Commentary: Time, Democratic party may have passed Biden by

Timing is everything in politics. Any number of worthy, qualified politicians have failed to grab the golden ring simply because it wasn’t their “time.”

So the question is whether this is Joe Biden’s “time.” We suspect the answer is “no.” Not because our Joe isn’t worthy or qualified. But simply because his time has passed.

Reid K. Beveridge

For entirely understandable reasons, Joe didn’t run four years ago. It was too soon after Beau Biden had died at age 46 and family emotions were too raw. But in retrospect, also called 20-20 hindsight, it’s pretty clear that Biden would have been a far stronger candidate against Donald J. Trump than Hillary Clinton turned out to be.

It’s also pretty clear that Biden would have been a far stronger candidate in the Democratic Party primaries against U.S. Sen. Bernie Sanders of Vermont. Sanders, it should be noted from time to time, isn’t even a Democrat. He runs in the independent ticket in Vermont:. He’s only a Democrat when he wants to run for president.

Biden becomes the 21st candidate in the 2020 Democratic sweepstakes. It’s almost impossible to name them all. Biden will be the most moderate of the 21, which is an interesting position. When, one might ask, has anyone ever considered our Joe Biden a moderate? Never, I’ll bet. He’s always been a true-blue liberal.

But not in comparison with some of this year’s wannabes. Sanders wants Medicare for All, which would quadruple the federal budget. U.S. Sen. Elizabeth Warren of Massachusetts wants to cancel all student-loan debt and raise taxes on the rich to pay for it.

South Bend Mayor Pete Buttegieg wants to blame Vice President Mike Pence for something Pence never said. In fact, Pence said that when he — Pence — was governor of Indiana, he got along well with Mayor Pete.

In fact, the Democratic presidential field is a regular rainbow of ethnicities. You have a black candidate: U.S. Sen. Cory Booker of New Jersey. Sen Kamala Harris of California is half Jamaican and half Indian as in India. Julian Castro of San Antonio is obviously Latino. Sen. Warren’s worst day of campaigning was when she tried to back up her claim to be Native American with DNA evidence that showed somewhere between 1/750th and 1/1004th native blood. Oops.
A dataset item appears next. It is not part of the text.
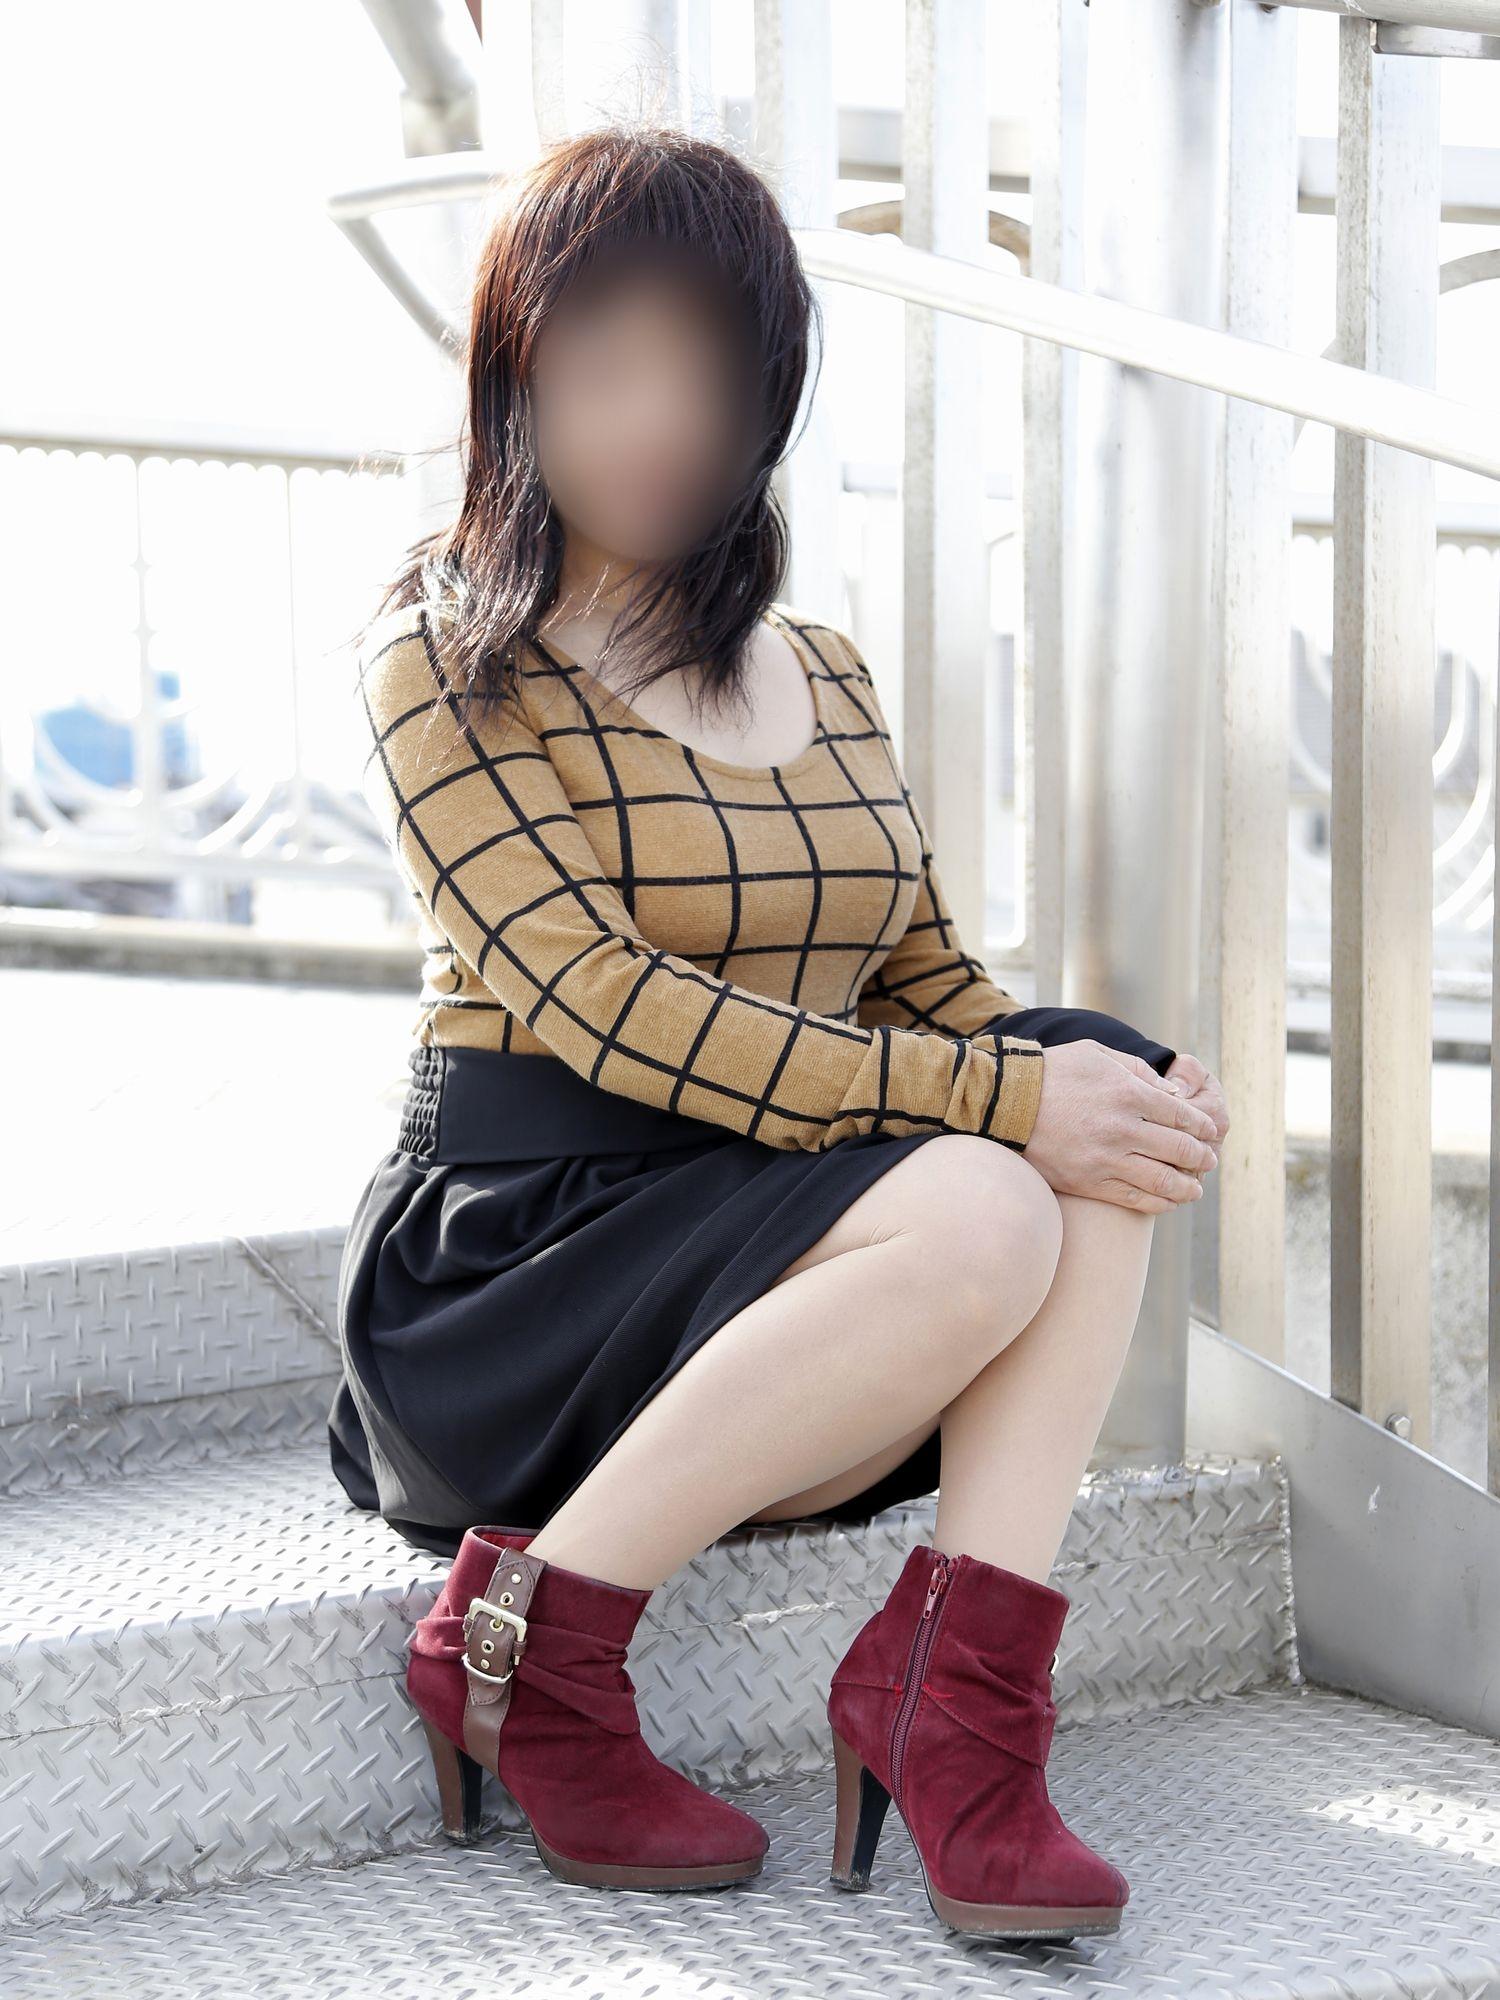 夢ごこち 人妻店@みき 2枚目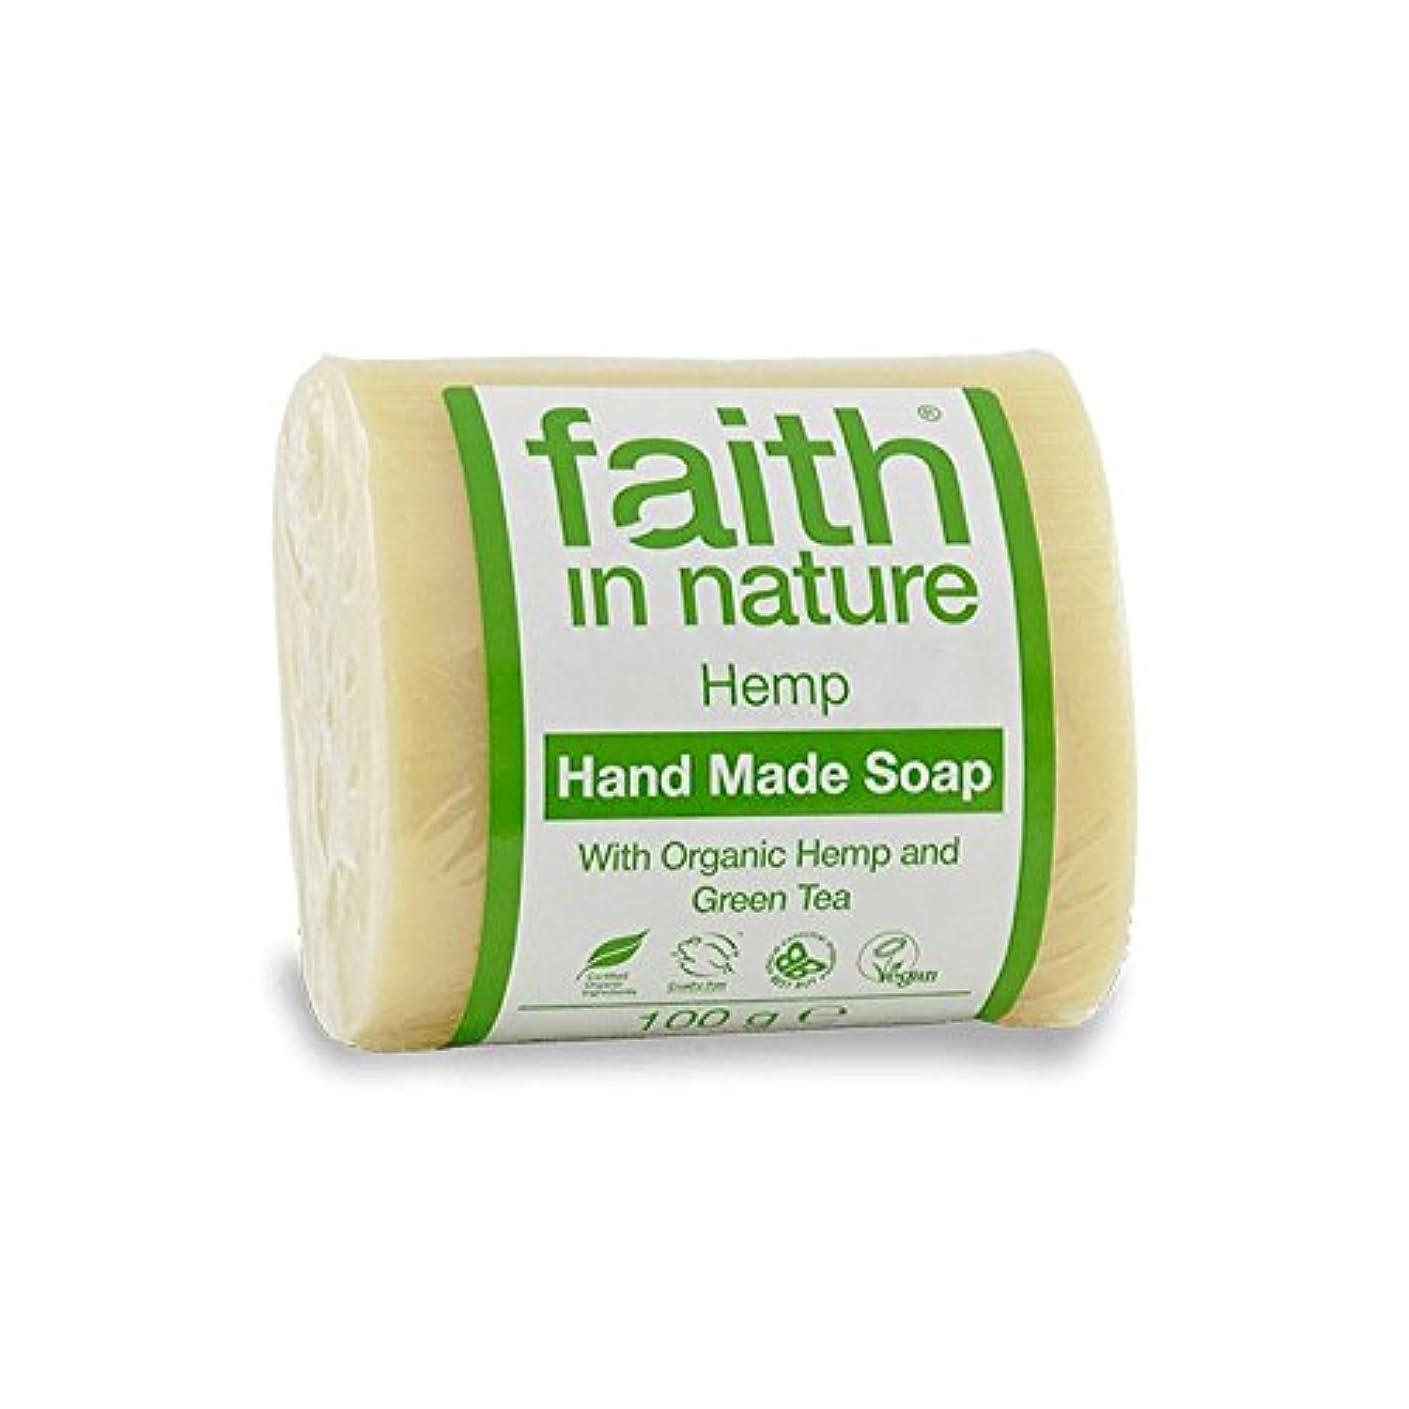 接ぎ木印象的な容疑者Faith in Nature Hemp with Green Tea Soap 100g (Pack of 6) - 緑茶石鹸100グラムと自然の麻の信仰 (x6) [並行輸入品]

And of course, Mayor Pete is gay.

Against this array are three old white guys. Sanders would be in his mid-80s at the end of his first term if elected, nearly 90 at the end of a second term. Biden is a year younger. President Trump is a bit younger yet. And don’t forget that Mrs. Clinton is 71.

How difficult, it seems for even the younger Democrats to break the Baby Boomers’ hold on the top leadership. Biden and Sanders lead all the polls, although this may have more to do with name recognition than where anything will stand after the Iowa caucuses and the New Hampshire primary in early 2020. Or, as some wit pointed out, Mayor Pete was in kindergarten the first time Biden ran for president, which was in 1988.

That was the year Biden was blown out of the race on allegations of plagiarism when it was shown he had lifted a paragraph in his campaign speech from something a British Labour politician had said. Ooops.

He didn’t do much better 20 years later when Barak Obama became the juggernaut. That also was the year when Hillary Clinton was the “anointed one,” as she was two years ago.

Speaking of Mrs. Clinton, she’s back to the same old trope that the reason she lost to President Trump was because of the Russians. This despite the fact that Special Counsel Robert Mueller’s report says the exact opposite. True, the Russians tried. But neither Mueller nor the Department of Justice could say that changed a single vote.

How interesting it is that Mrs. Clinton has so little self-awareness that now, more than two years after her loss, she still can’t understand why she lost. This isn’t to say it doesn’t still hurt. But most people who rise to her level of accomplishment understand themselves well enough to know their strengths and weaknesses.

The fact was Mrs. Clinton was a lousy candidate. She offered scant vision or rationale on why she should be elected. In the end, there wasn’t much more than “vote against Trump.”

Joe Biden should ponder that lesson this year. Why does he want to be president? It needs to be more than he’s nicer than Donald Trump.

Reid Beveridge has covered politics in Texas, Iowa, Wisconsin, Delaware and Washington, D.C. He is now retired at Broadkill Beach.